Google a publié sa dernière mise à jour de sécurité mensuelle pour les appareils Android, y compris un correctif qui corrige un bug sérieux dans certains chipsets Wi-Fi Broadcom qui affecte des millions d’appareils Android, ainsi que certains modèles d’iPhone.
BroadPwn, une vulnérabilité classée critique
Cette faille s’appelle BroadPwn et elle permet l’exécution de code à distance. Elle est présente sur la famille de chipsets WiFi BCM43xx de Broadcom, qui peut être déclenchée à distance sans interaction entre les utilisateurs. Ce bug permet donc à un hacker d’exécuter un code malveillant sur des appareils Android ciblés avec des privilèges kernel.

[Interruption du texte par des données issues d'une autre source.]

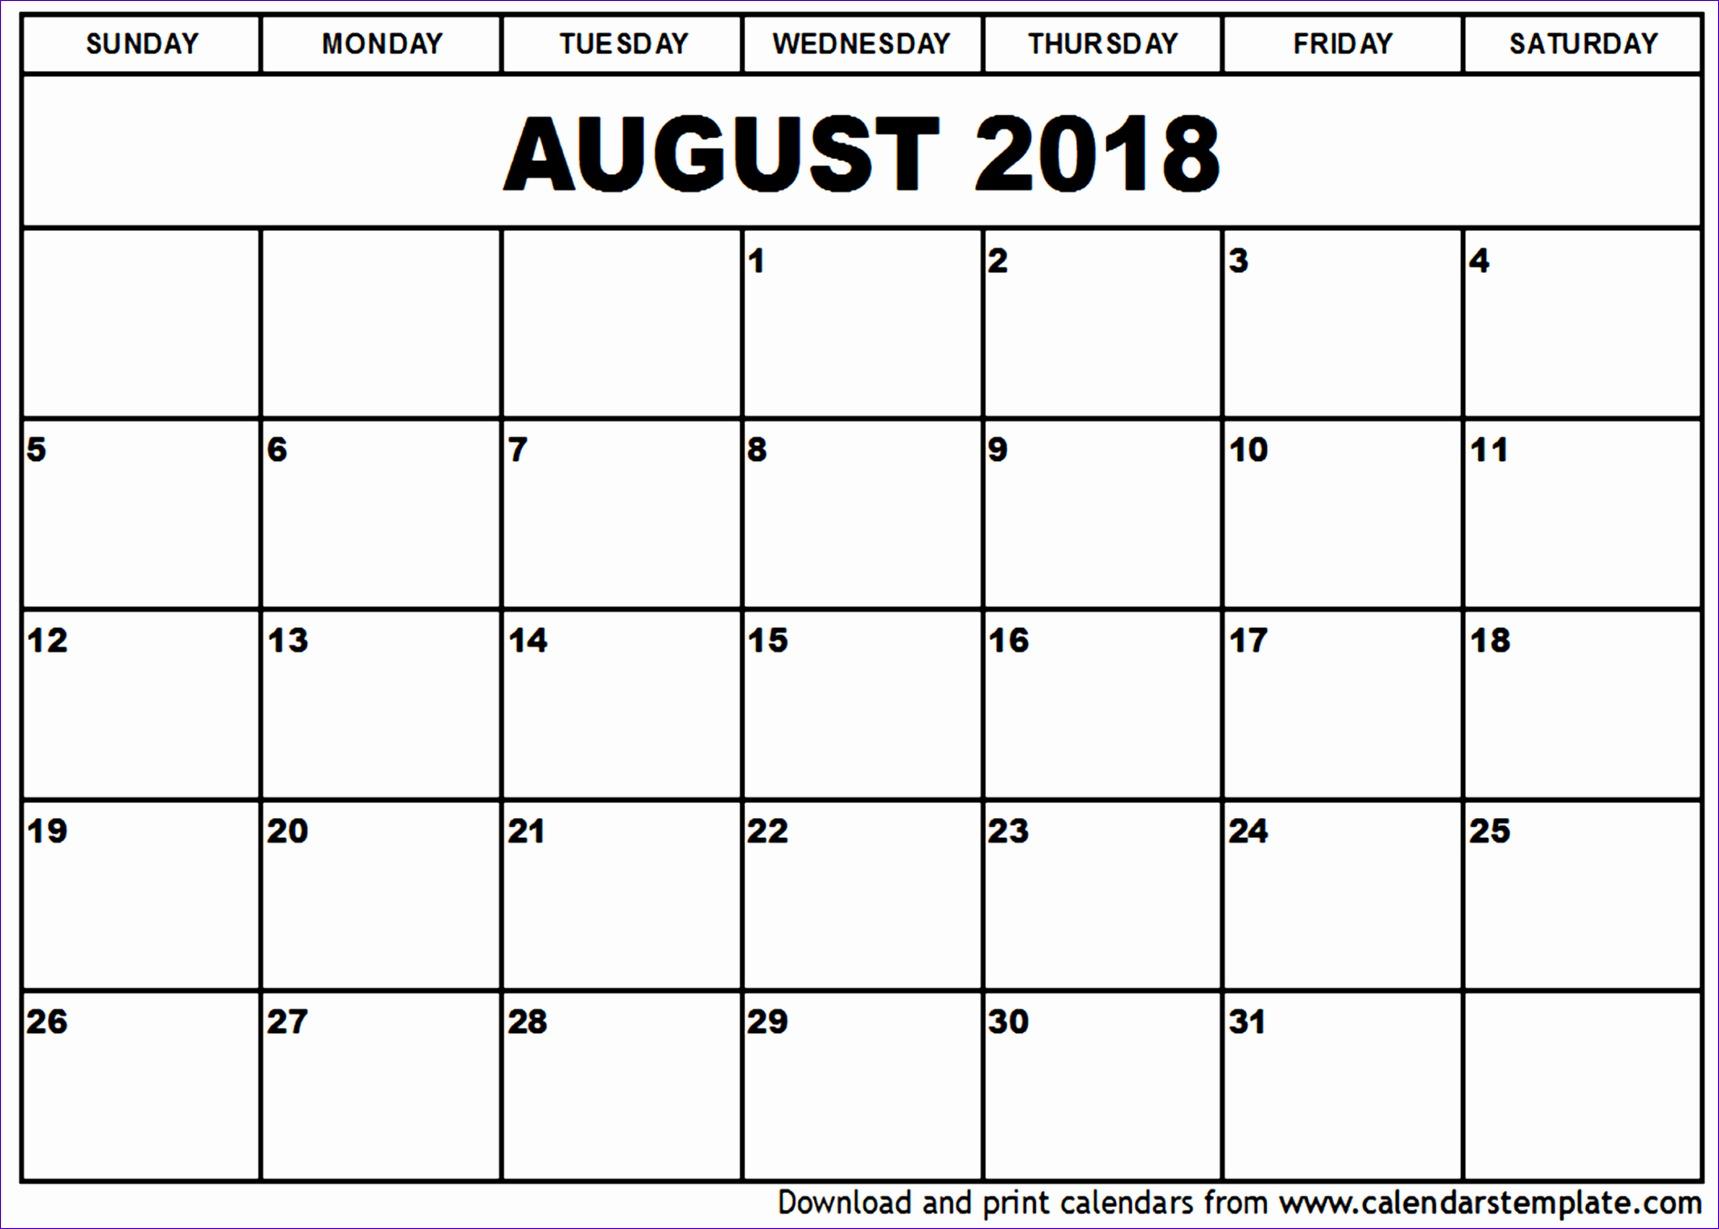 august 2018 calendar template 1596 17191229

La vulnérabilité BroadPwn (CVE-2017-3544) a été découverte par Nitay Artenstein, chercheur chez Exodus Intelligence. Il affirme que le chipset Wi-Fi défectueux touche aussi les plates-formes iOS. Les détails concernant le bug BroadPwn sont difficiles à trouver pour le moment. « La famille de puce Wi-Fi BCM43xx de Broadcom se trouve dans une gamme extraordinairement large de périphériques mobiles, y compris les différents modèles d’iPhone, les HTC, les LG, les Nexus et pratiquement toute la gamme de smartphone de Samsung », explique le résumé de l’article d’Artenstein.

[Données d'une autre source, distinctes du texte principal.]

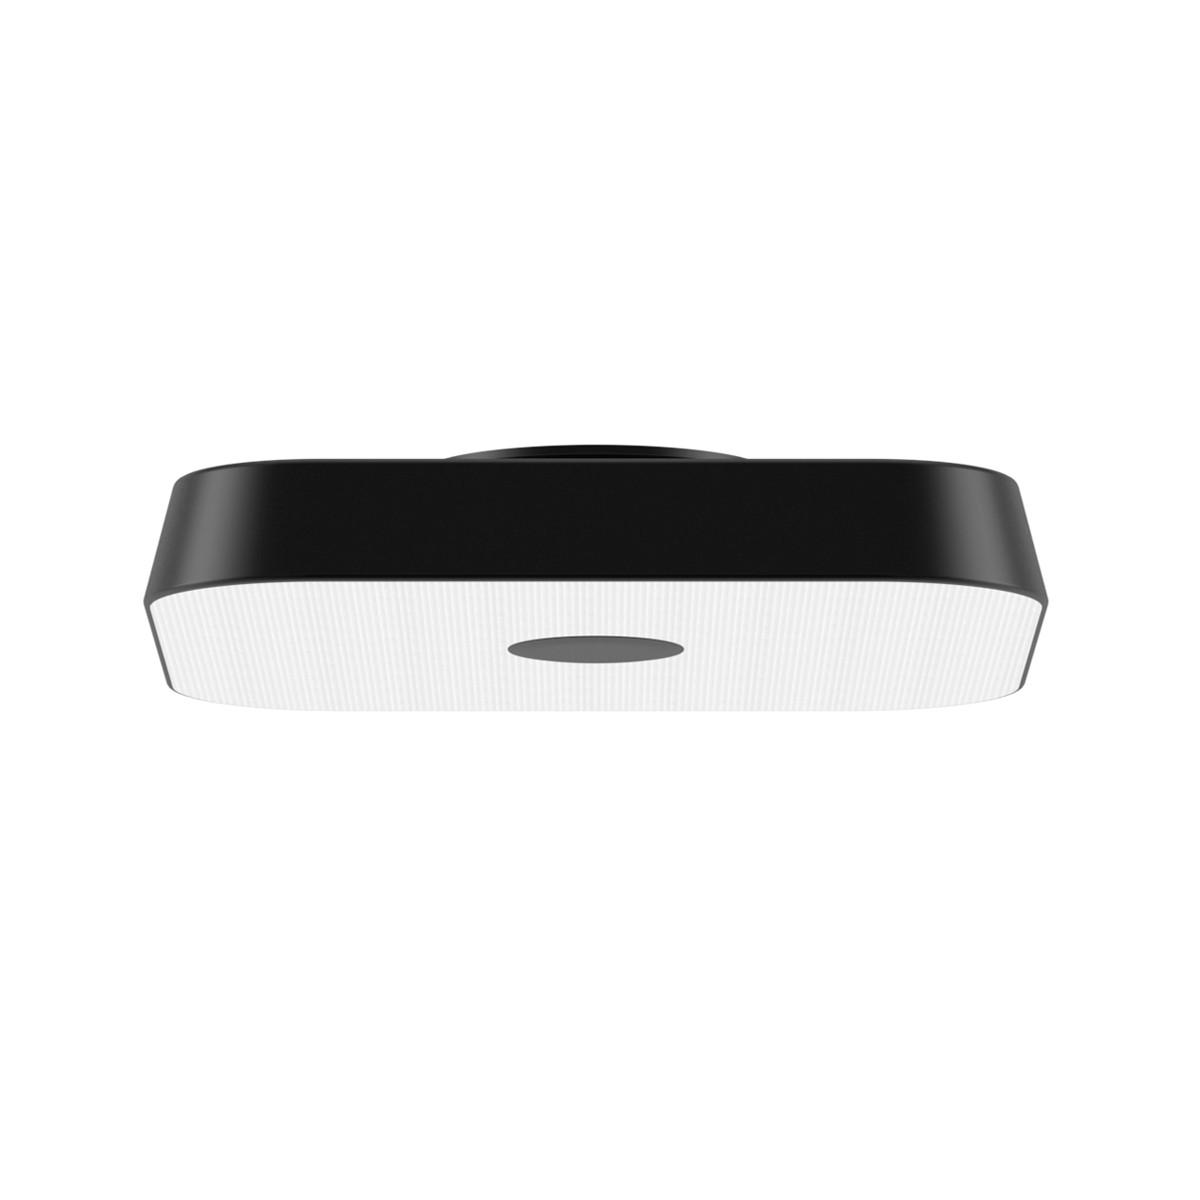 Belux Koi-Q LED Deckenleuchte, Multisens, 3000K, schwarz

Outre le correctif pour la vulnérabilité BroadPwn, la toute dernière mise à jour de Google comprend également des correctifs pour 10 problèmes critiques, qui sont tous des bugs d’exécution de code à distance, 94 problèmes à haut risque et 32 vulnérabilités classiques modérées.

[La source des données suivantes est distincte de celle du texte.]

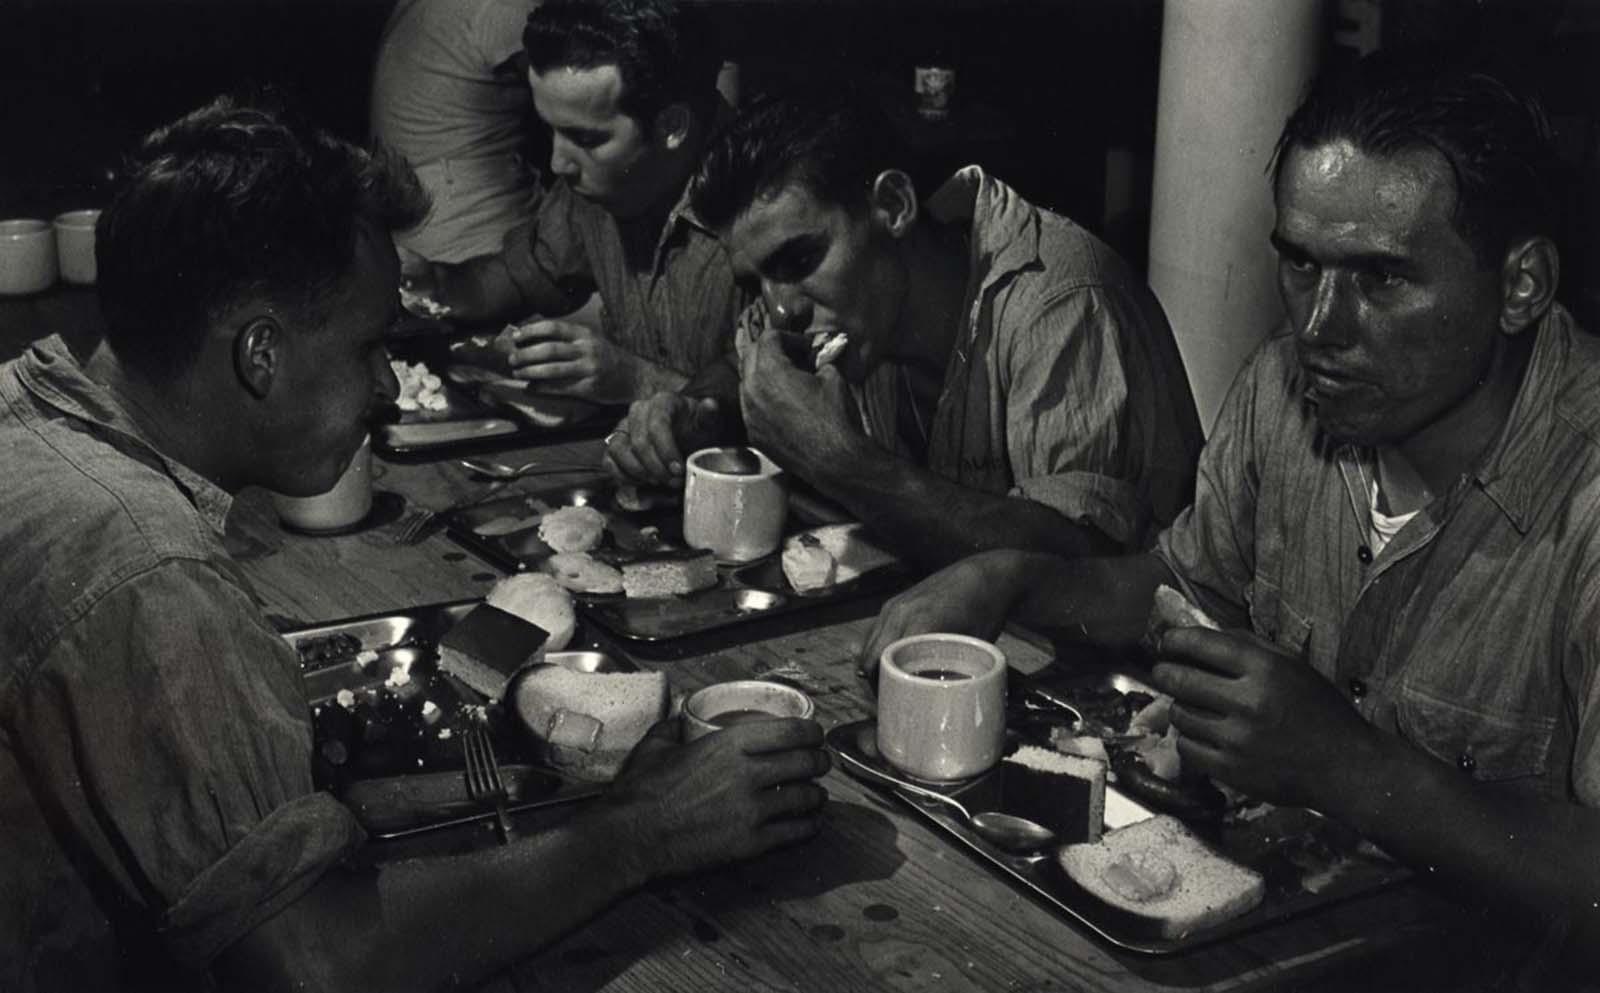 Crew Eating, c. 1943.

Android et iOS, même combat
Déjà, il y a quelques mois, une vulnérabilité de piratage de piratage en direct a été découverte dans les puces Broadcom Wi-Fi SoC, permettant aux hackers dans un même réseau Wi-Fi de pirater à distance les iPhones, les iPads, les iPods et les téléphones Android sans aucune interaction avec l’utilisateur. À ce moment-là, Apple a lancé une mise à jour d’urgence pour iOS afin de résoudre le grave problème.